### Dataset excerpt
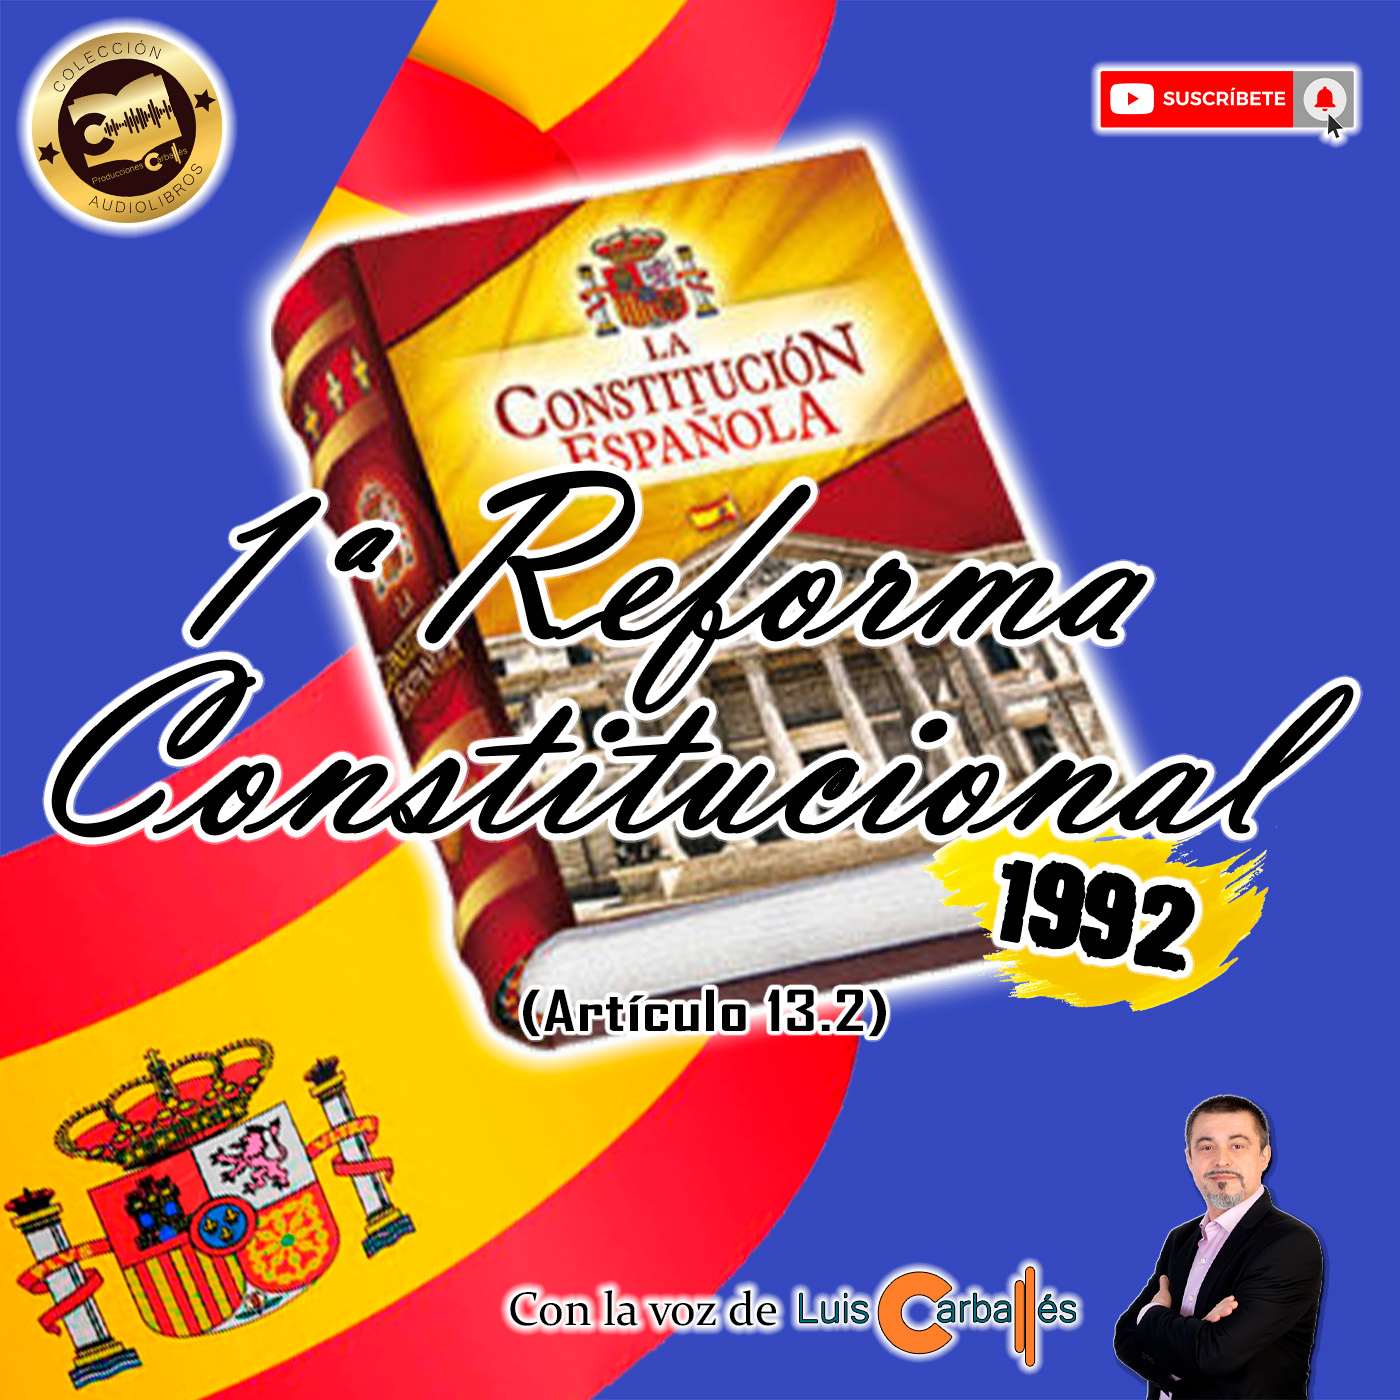 Reforma Constitucional del Artículo 13.2 de la Constitución Española de 1992
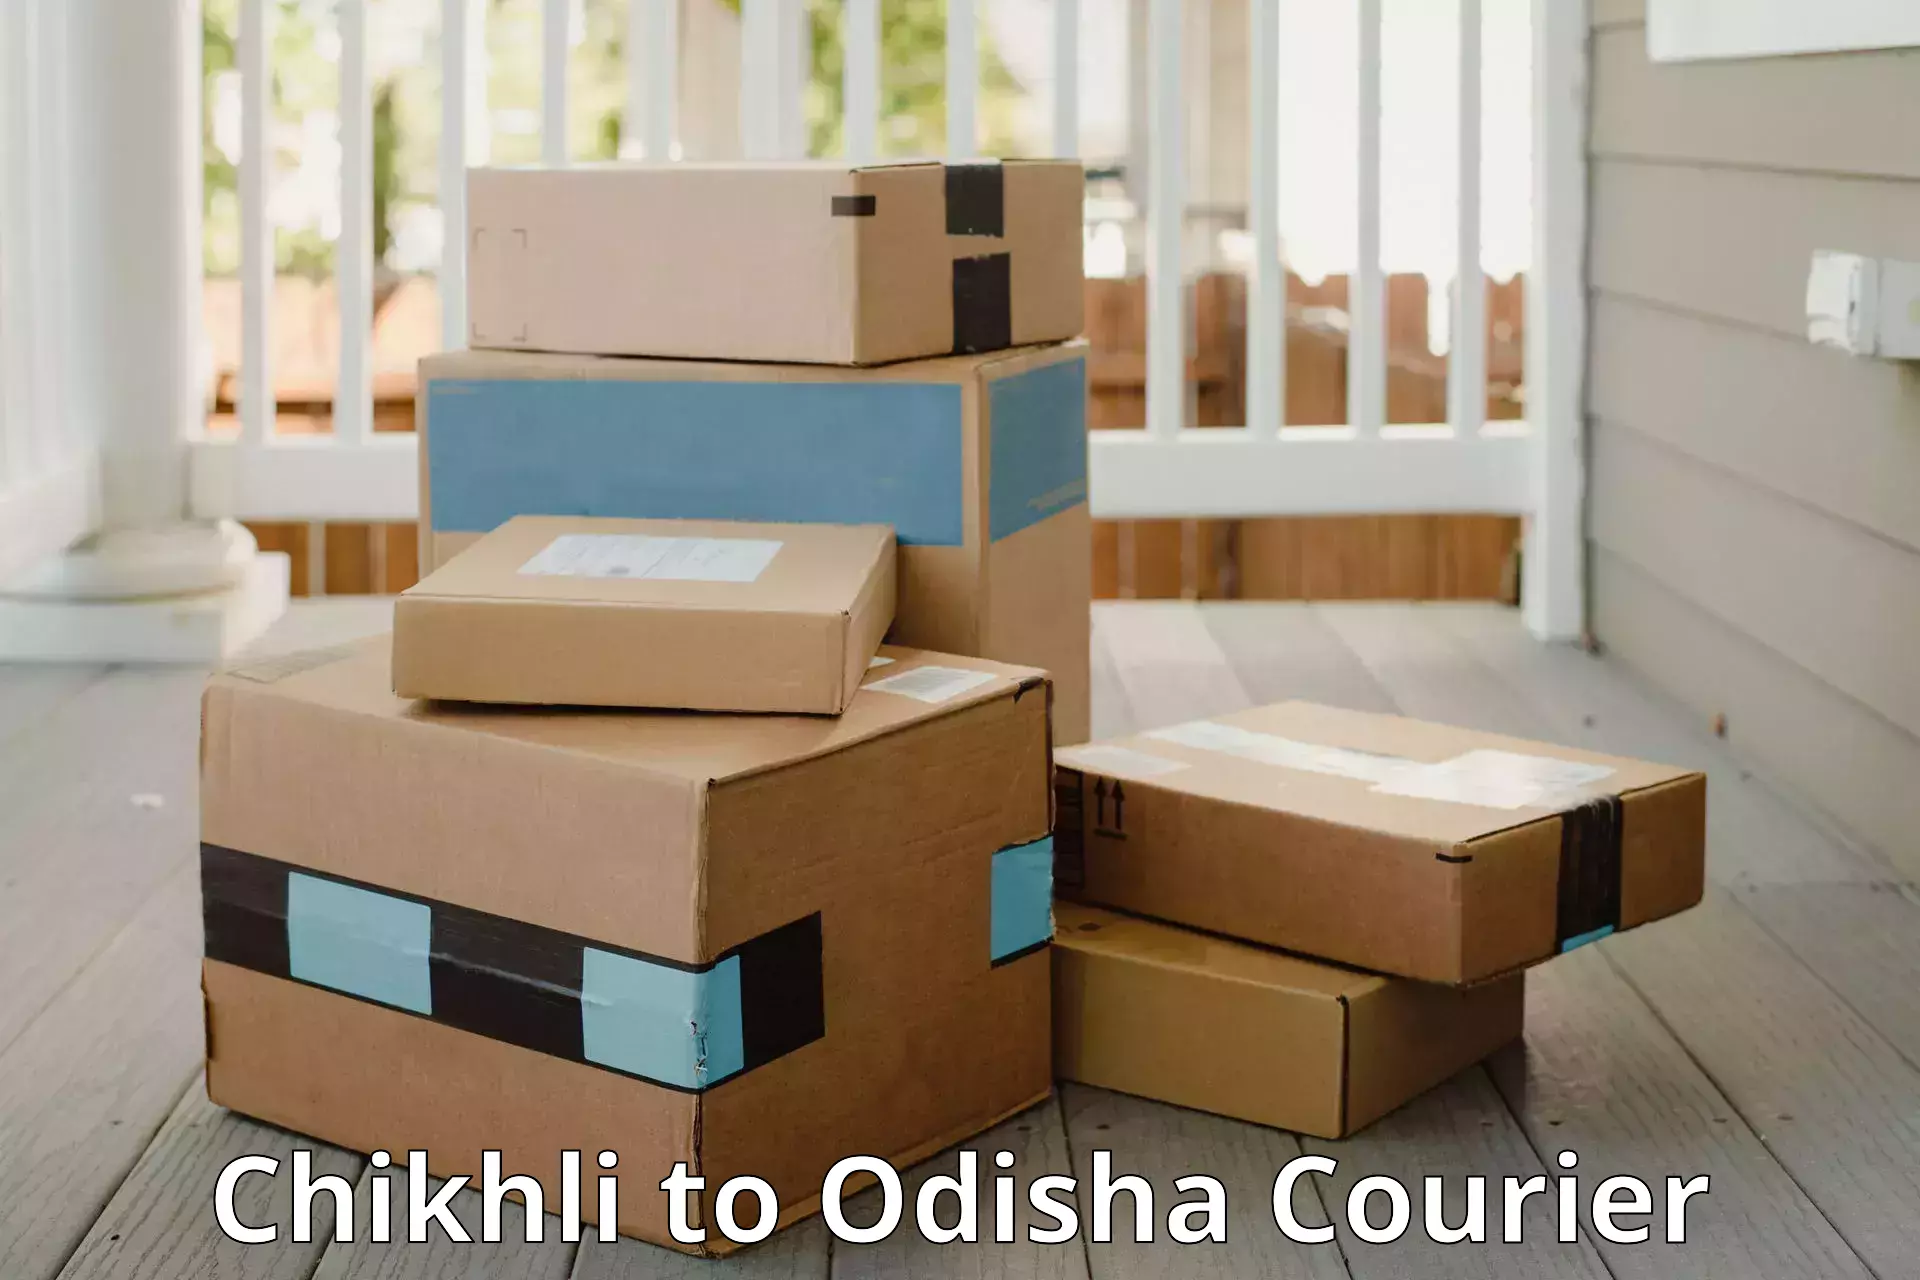 Safe luggage delivery Chikhli to Odisha
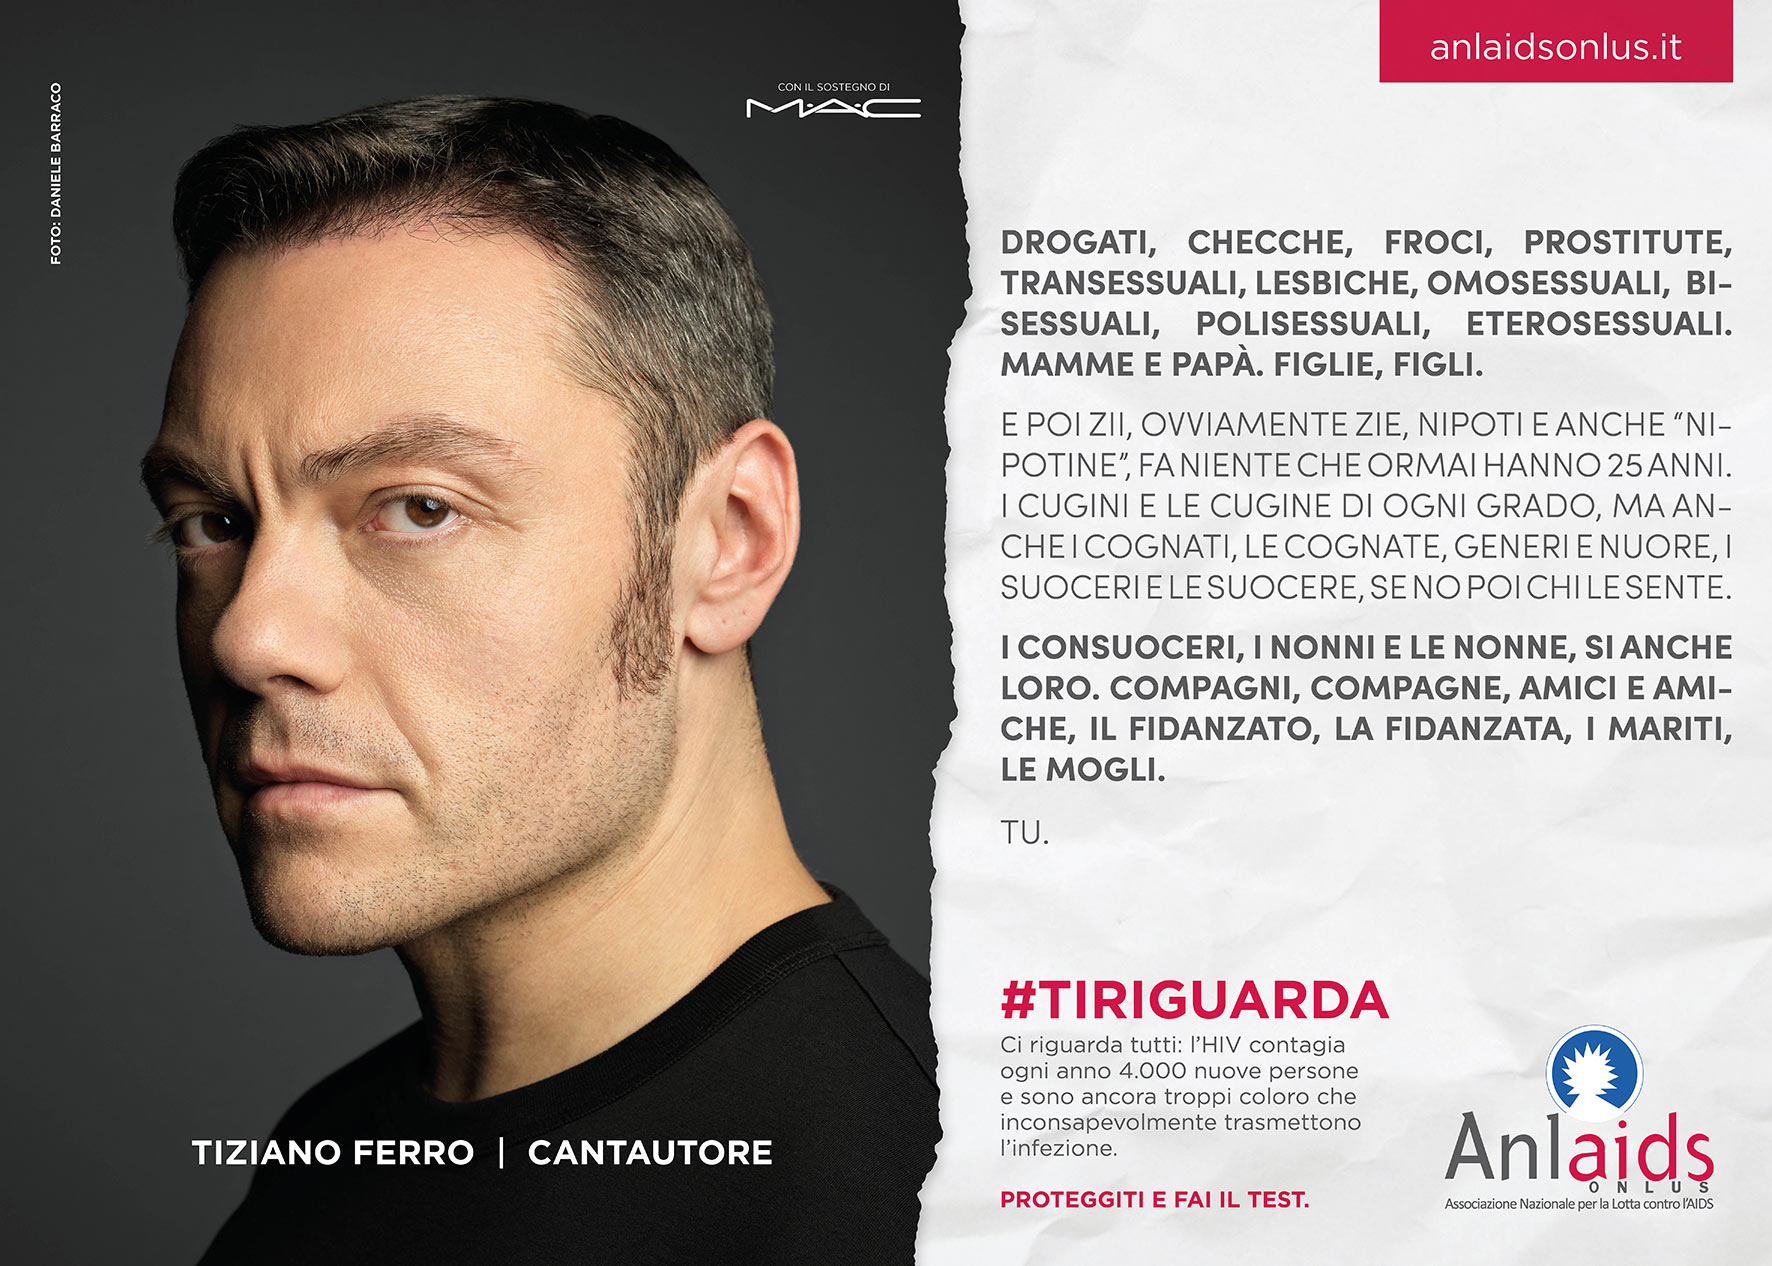 ANLAIDS campaign - Tiziano Ferro

### Exercise directions
Go back to the line that contains "Safe luggage delivery Chikhli to Odisha" and copy it, along with each line after it through the end of the listing above, exactly and without pictures.

### Exercise solution
 Safe luggage delivery Chikhli to Odisha
 ANLAIDS campaign - Tiziano Ferro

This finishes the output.